Q: How do you implement distributed rate limiting?

Use Redis as a shared counter store — all instances of your service check the same Redis key. A single Redis Lua script atomically increments the counter and returns whether the limit is exceeded. Lua scripts run atomically in Redis, preventing race conditions between the check and increment steps. Redis cluster handles horizontal scaling.

Q: Where do you store rate limit state?

Redis is the standard choice: sub-millisecond latency, supports TTL for automatic window expiry, atomic operations via Lua scripts, and Redis Cluster for horizontal scaling. Memcached is an alternative for simple counters. Avoid the application database for rate limiting — DB round-trips add too much latency to every request.

Q: How do you handle rate limit response headers?

Return standard headers: X-RateLimit-Limit (max requests per window), X-RateLimit-Remaining (requests left in current window), X-RateLimit-Reset (Unix timestamp when window resets), Retry-After (seconds to wait, returned with 429 responses). These allow clients to implement backoff and display sensible error messages to end users.

1. Why Rate Limiting Matters

Without rate limiting, a single misbehaving client can exhaust your server resources, degrade service for legitimate users, or run up your cloud bill. Rate limiting serves several purposes:

DoS / abuse prevention: Limit automated scraping, credential stuffing, or intentional flooding.
Fair usage: Prevent one tenant from starving others in a multi-tenant system.
Cost control: API calls to downstream services (LLMs, payment processors) cost money — cap usage per customer tier.
SLA enforcement: Protect backend services from receiving more load than they can handle.

2. Requirements

Functional Requirements

Allow at most N requests per user per time window (e.g. 1000 req/min)
Support multiple granularities: per user, per IP, per API key, per endpoint
Return 429 Too Many Requests when limit exceeded
Return rate limit headers on every response
Support tiered limits (free: 100/min, pro: 1000/min, enterprise: 10000/min)
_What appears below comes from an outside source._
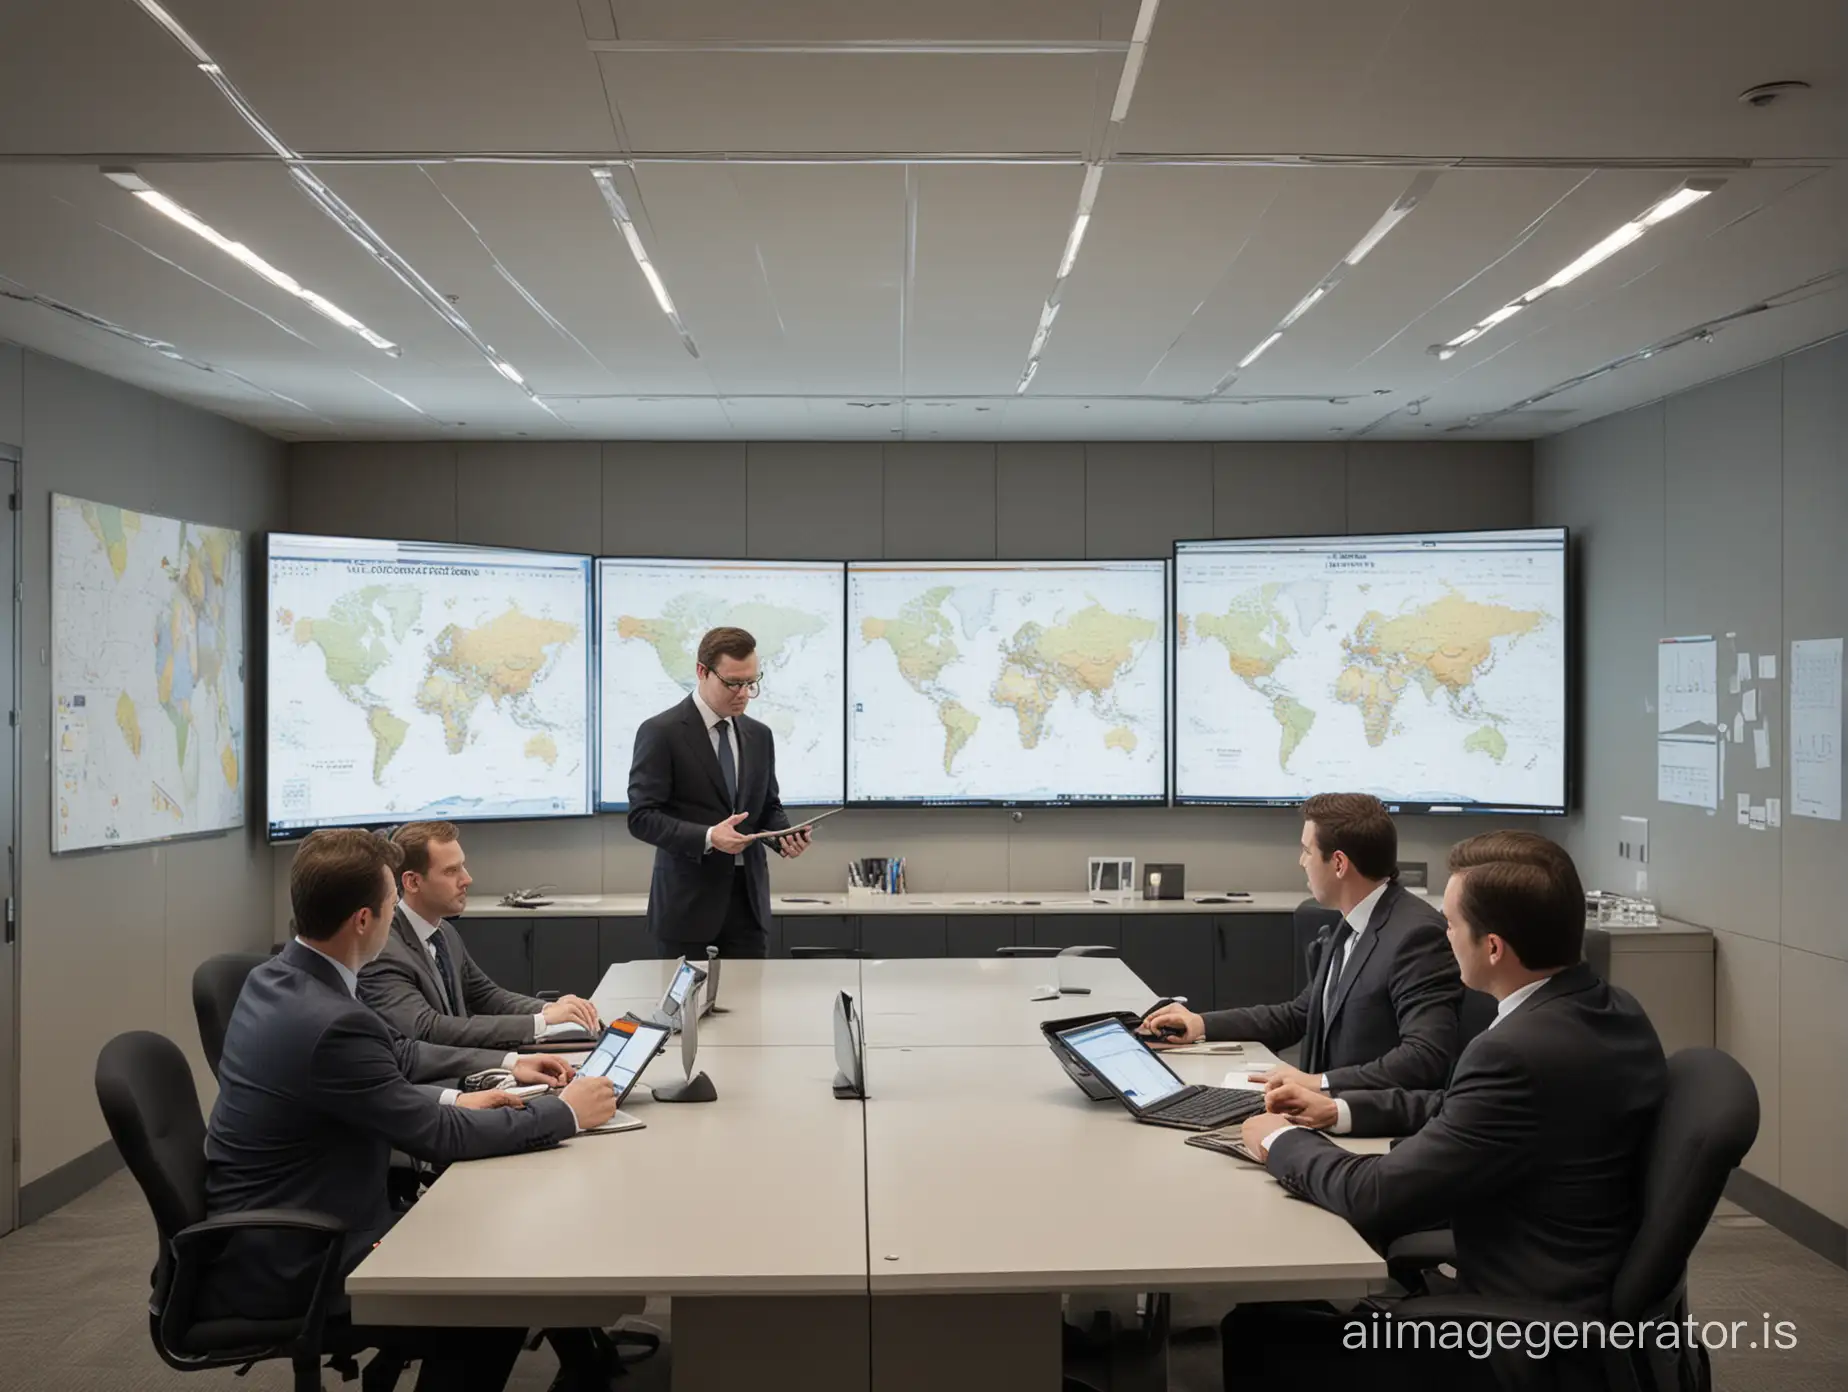  hall, flat panel monitors hanging on the walls, maps and graphs on them. There is a large table in the center of the room. Behind him sit three men in suits, with tablets in their hands.

Non-Functional Requirements

Add <2ms overhead to each request
Work correctly across multiple API server instances (distributed)
Highly available — rate limiter failure should not block requests (fail open or fail closed, configurable)
Handle 100,000 requests/second across the cluster

3. Algorithm Comparison

Five algorithms are commonly discussed. Understanding their trade-offs is the most important part of this design.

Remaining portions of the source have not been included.